[Data excerpts]
>>>
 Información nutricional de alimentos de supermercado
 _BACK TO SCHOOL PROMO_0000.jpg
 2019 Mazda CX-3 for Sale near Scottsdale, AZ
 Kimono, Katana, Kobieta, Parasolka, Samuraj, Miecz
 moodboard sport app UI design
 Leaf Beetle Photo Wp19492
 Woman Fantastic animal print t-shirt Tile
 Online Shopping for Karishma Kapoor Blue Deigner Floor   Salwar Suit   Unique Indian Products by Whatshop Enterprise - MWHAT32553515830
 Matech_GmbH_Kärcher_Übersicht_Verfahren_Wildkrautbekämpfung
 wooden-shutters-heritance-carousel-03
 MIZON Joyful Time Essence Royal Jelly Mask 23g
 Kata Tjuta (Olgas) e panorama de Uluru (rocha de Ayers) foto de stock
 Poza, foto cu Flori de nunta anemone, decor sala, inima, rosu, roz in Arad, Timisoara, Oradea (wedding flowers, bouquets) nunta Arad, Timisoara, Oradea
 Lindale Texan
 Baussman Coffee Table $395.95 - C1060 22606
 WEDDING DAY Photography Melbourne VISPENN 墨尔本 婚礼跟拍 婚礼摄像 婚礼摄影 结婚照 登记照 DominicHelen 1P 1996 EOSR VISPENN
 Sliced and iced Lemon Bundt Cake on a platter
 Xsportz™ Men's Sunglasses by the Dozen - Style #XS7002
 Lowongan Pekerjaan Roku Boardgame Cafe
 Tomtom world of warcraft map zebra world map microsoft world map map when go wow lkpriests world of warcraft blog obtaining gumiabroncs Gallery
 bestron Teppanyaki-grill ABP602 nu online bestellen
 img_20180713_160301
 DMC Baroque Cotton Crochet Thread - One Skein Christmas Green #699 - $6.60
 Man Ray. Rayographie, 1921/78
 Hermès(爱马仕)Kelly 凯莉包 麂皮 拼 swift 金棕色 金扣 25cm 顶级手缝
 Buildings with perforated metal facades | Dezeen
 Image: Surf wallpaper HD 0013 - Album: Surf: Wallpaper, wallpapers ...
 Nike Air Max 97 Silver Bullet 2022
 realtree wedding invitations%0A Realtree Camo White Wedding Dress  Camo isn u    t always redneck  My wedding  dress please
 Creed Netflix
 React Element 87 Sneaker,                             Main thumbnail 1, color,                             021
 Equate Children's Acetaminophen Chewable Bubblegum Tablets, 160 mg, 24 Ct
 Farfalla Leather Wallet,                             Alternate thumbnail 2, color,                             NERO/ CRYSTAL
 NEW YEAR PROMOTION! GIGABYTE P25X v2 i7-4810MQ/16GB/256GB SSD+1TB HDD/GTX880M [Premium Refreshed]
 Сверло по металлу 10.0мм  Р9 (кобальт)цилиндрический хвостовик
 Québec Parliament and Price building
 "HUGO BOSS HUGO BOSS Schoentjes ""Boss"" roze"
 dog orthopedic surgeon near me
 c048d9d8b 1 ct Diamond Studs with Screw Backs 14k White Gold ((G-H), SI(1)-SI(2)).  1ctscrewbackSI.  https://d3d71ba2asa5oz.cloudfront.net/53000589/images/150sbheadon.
<<<
Set the data down once more, exactly as it stands.

 Información nutricional de alimentos de supermercado
 _BACK TO SCHOOL PROMO_0000.jpg
 2019 Mazda CX-3 for Sale near Scottsdale, AZ
 Kimono, Katana, Kobieta, Parasolka, Samuraj, Miecz
 moodboard sport app UI design
 Leaf Beetle Photo Wp19492
 Woman Fantastic animal print t-shirt Tile
 Online Shopping for Karishma Kapoor Blue Deigner Floor   Salwar Suit   Unique Indian Products by Whatshop Enterprise - MWHAT32553515830
 Matech_GmbH_Kärcher_Übersicht_Verfahren_Wildkrautbekämpfung
 wooden-shutters-heritance-carousel-03
 MIZON Joyful Time Essence Royal Jelly Mask 23g
 Kata Tjuta (Olgas) e panorama de Uluru (rocha de Ayers) foto de stock
 Poza, foto cu Flori de nunta anemone, decor sala, inima, rosu, roz in Arad, Timisoara, Oradea (wedding flowers, bouquets) nunta Arad, Timisoara, Oradea
 Lindale Texan
 Baussman Coffee Table $395.95 - C1060 22606
 WEDDING DAY Photography Melbourne VISPENN 墨尔本 婚礼跟拍 婚礼摄像 婚礼摄影 结婚照 登记照 DominicHelen 1P 1996 EOSR VISPENN
 Sliced and iced Lemon Bundt Cake on a platter
 Xsportz™ Men's Sunglasses by the Dozen - Style #XS7002
 Lowongan Pekerjaan Roku Boardgame Cafe
 Tomtom world of warcraft map zebra world map microsoft world map map when go wow lkpriests world of warcraft blog obtaining gumiabroncs Gallery
 bestron Teppanyaki-grill ABP602 nu online bestellen
 img_20180713_160301
 DMC Baroque Cotton Crochet Thread - One Skein Christmas Green #699 - $6.60
 Man Ray. Rayographie, 1921/78
 Hermès(爱马仕)Kelly 凯莉包 麂皮 拼 swift 金棕色 金扣 25cm 顶级手缝
 Buildings with perforated metal facades | Dezeen
 Image: Surf wallpaper HD 0013 - Album: Surf: Wallpaper, wallpapers ...
 Nike Air Max 97 Silver Bullet 2022
 realtree wedding invitations%0A Realtree Camo White Wedding Dress  Camo isn u    t always redneck  My wedding  dress please
 Creed Netflix
 React Element 87 Sneaker,                             Main thumbnail 1, color,                             021
 Equate Children's Acetaminophen Chewable Bubblegum Tablets, 160 mg, 24 Ct
 Farfalla Leather Wallet,                             Alternate thumbnail 2, color,                             NERO/ CRYSTAL
 NEW YEAR PROMOTION! GIGABYTE P25X v2 i7-4810MQ/16GB/256GB SSD+1TB HDD/GTX880M [Premium Refreshed]
 Сверло по металлу 10.0мм  Р9 (кобальт)цилиндрический хвостовик
 Québec Parliament and Price building
 "HUGO BOSS HUGO BOSS Schoentjes ""Boss"" roze"
 dog orthopedic surgeon near me
 c048d9d8b 1 ct Diamond Studs with Screw Backs 14k White Gold ((G-H), SI(1)-SI(2)).  1ctscrewbackSI.  https://d3d71ba2asa5oz.cloudfront.net/53000589/images/150sbheadon.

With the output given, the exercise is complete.